What is the Problem?

Coral Reef Bleaching
Comparison of healthy and unhealthy reefs[1].

When corals are exposed to short-lived temperature increases or an overall increase of one degree celsius, they begin to bleach. When the bleaching occurs, the photosynthetic algae that lives within the cells of the coral develop a fault, ejecting the living symbiont[2]. Future mass coral bleaching events could lead to wide spread extinctions of many organisms that rely on the coral for food and shelter[3].

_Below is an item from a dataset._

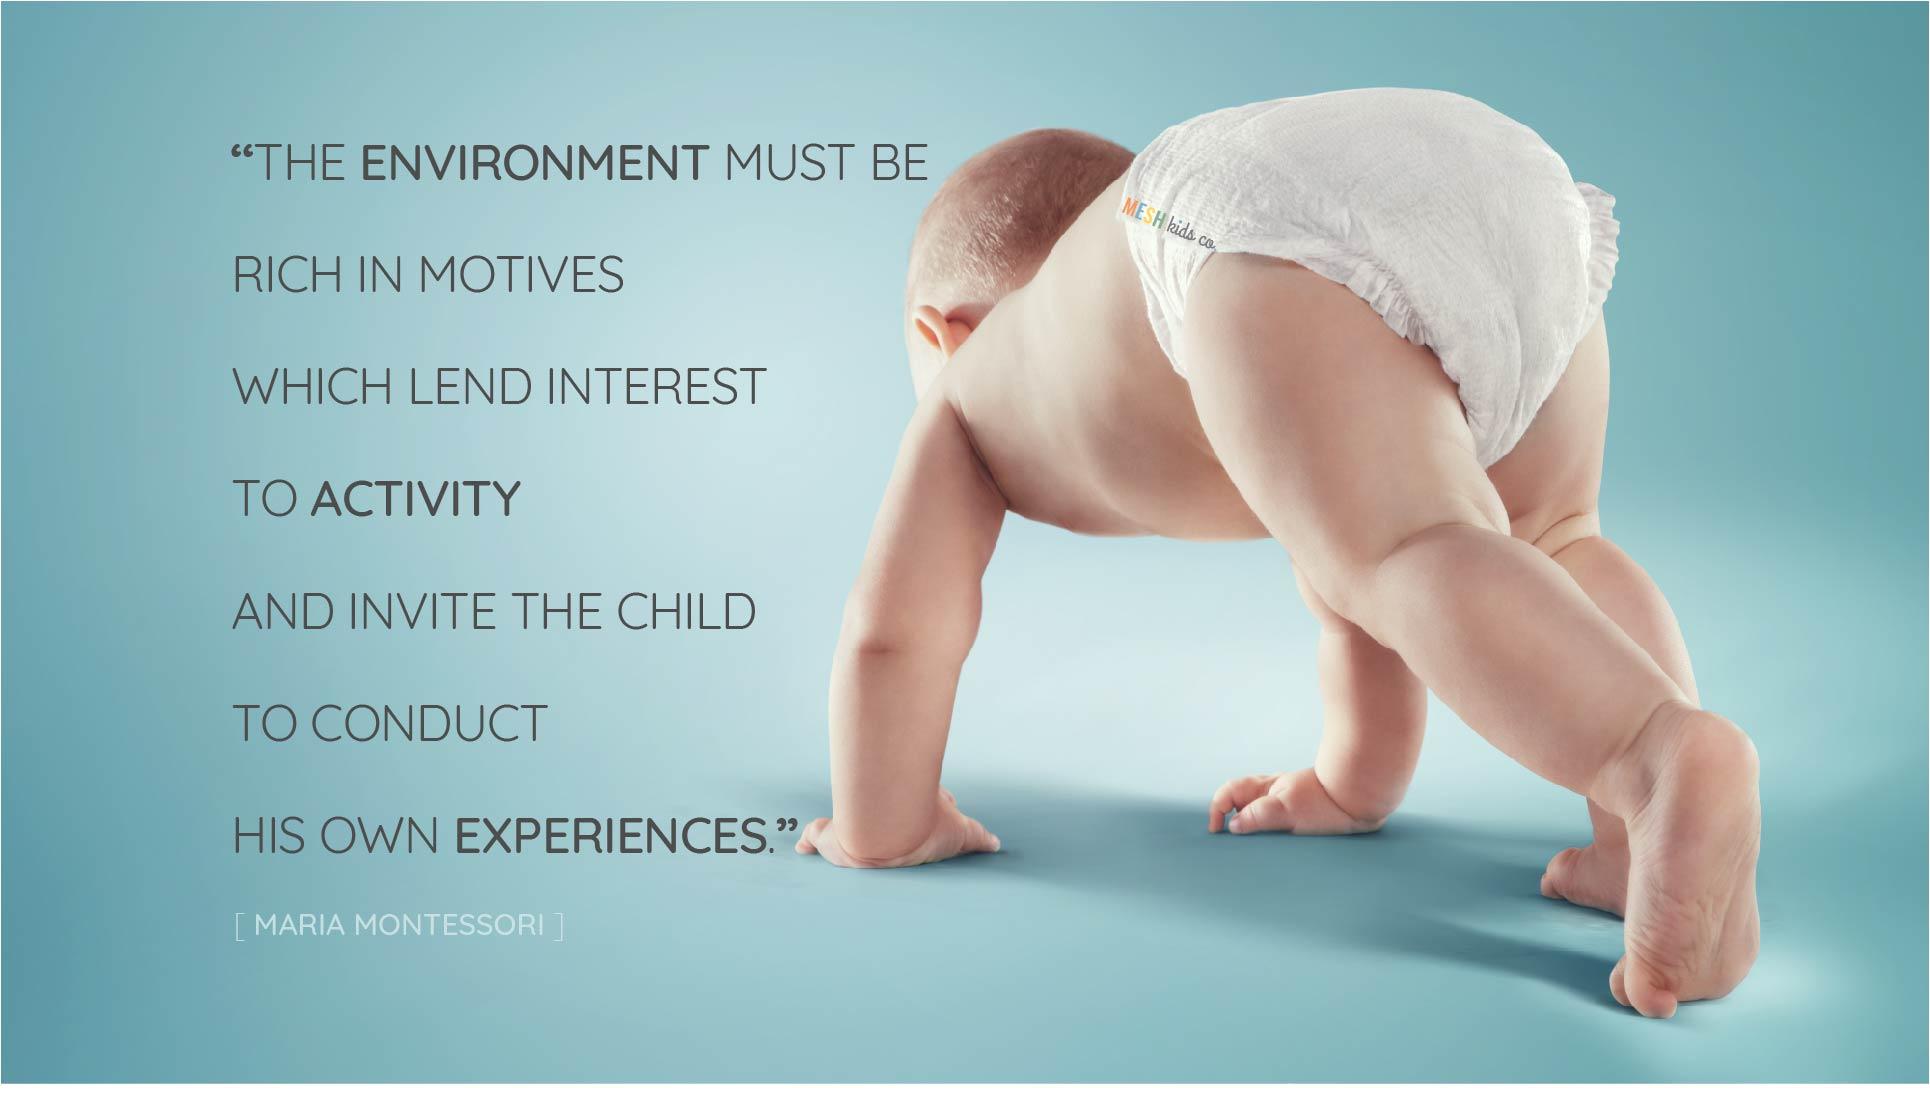 Maria Montessori Says

Coral reefs across the world’s oceans are in the midst of the longest bleaching event ever recored(from 2014 to at least 2016)[4]. Already ∼20% of the world's reefs are lost and ∼26% are under imminent threat[5]. With the increasing frequency of El Niño events, coral bleaching is happening more and more frequently. The Third Global Coral Bleaching Event (GCBE3) bleached and killed tropical reef corals throughout the world from mid-2014 through mid-2017[6]. The major El Niño event of 2015–2016 resulted in significant warming of large areas of the tropical oceans and continued bleaching of substantial areas of reef, including Australia’s Great Barrier Reef in early 2016[7].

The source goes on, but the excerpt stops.